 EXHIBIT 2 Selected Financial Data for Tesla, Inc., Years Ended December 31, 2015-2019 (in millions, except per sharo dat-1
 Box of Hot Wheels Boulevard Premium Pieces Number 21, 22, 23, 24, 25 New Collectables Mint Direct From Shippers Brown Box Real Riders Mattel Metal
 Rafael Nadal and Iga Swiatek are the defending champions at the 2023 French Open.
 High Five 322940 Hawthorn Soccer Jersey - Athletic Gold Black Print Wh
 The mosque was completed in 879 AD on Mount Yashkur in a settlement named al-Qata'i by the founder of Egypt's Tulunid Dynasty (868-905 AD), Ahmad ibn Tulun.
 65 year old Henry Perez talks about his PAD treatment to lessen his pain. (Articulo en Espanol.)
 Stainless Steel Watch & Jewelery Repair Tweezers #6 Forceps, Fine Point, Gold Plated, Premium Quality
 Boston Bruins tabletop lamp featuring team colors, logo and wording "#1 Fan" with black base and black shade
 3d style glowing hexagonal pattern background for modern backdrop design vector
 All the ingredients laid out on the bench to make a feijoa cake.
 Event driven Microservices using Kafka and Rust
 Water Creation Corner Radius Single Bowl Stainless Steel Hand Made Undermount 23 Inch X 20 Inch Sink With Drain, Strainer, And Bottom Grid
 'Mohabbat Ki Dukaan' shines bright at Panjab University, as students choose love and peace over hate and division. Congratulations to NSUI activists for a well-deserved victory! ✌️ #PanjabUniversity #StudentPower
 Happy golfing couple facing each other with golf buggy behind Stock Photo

* DIRECTIONS:
Repeat exactly the lines of the data from the first one through the line with "Box of Hot Wheels", both of them included.

* RESPONSE FOR THIS EXERCISE:
 EXHIBIT 2 Selected Financial Data for Tesla, Inc., Years Ended December 31, 2015-2019 (in millions, except per sharo dat-1
 Box of Hot Wheels Boulevard Premium Pieces Number 21, 22, 23, 24, 25 New Collectables Mint Direct From Shippers Brown Box Real Riders Mattel Metal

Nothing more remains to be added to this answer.